Bad statistics in health and medical research

The NSW Branch of the Statistical Society of Australia hosts the Lancaster Lecture every year. On Wednesday 24 March 2021, the lecture was presented by Professor Adrian Barnett of QUT. Over 70 people either attended in person or Zoomed in from around the world.

Adrian’s talk was engaging, shocking and entertaining all at once. Some of the sound grabs that really spoke to me were these ones.

Bad statistics is abetting bad science, with all the criminal overtones of the choice of verb. Some of the examples of bad static’s that Adrian had included smoothing syndrome, and the famous example of researcher degrees of freedom (also known as the garden of foreign paths.) I’m getting more interested in this phenomenon as I advise more research students, and have even read the relevant Jorge Luis Borges short story, but that’s a post for another time.

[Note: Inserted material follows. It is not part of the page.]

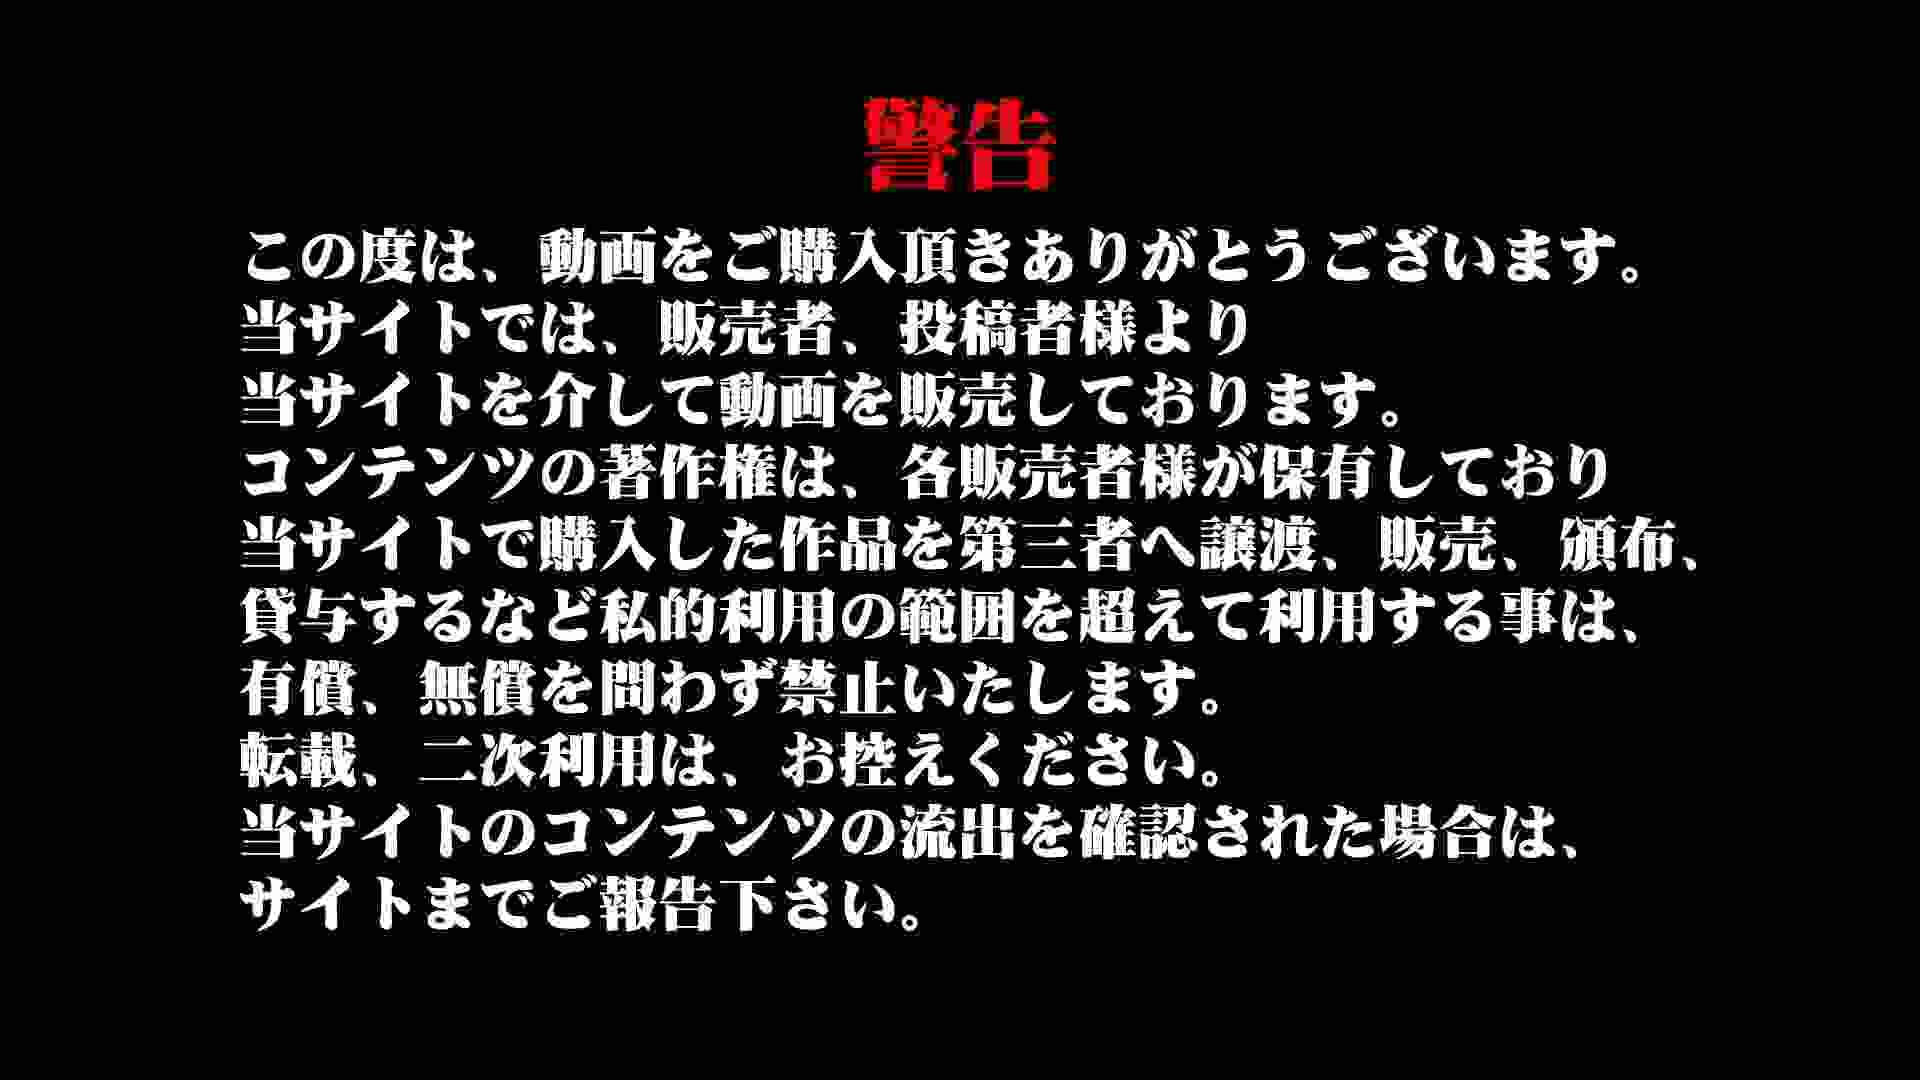 Aquaな露天風呂Vol.874潜入盗撮露天風呂十判湯 其の一 潜入 覗き性交動画流出 81連発 2

Adrian’s own example of researcher degrees of freedom was the “one data set, many analyses” of the relationship between race and red cards in soccer.

There are some fields of research where there are more systematic reviews than there are pieces of original research. As someone put it on Twitter, “People! What are we doing?”

One of the hooks Adrian used to get us interested in his talk was the promise of the three worst statistical methods sections ever. Now to be fair these did come from the register of clinical trials not published research as such. I don’t think I should give them away right now, suffice to say they each consisted of fewer words than I have fingers on my right hand!

One of Adrian’s final points was about research projects require of medical students, another topic close to my heart as a statistical consultant. I liked Adrian’s concept of a focus on competence, not excellence, a being more likely to lead to successful graduates, and more likely to reduce research waste.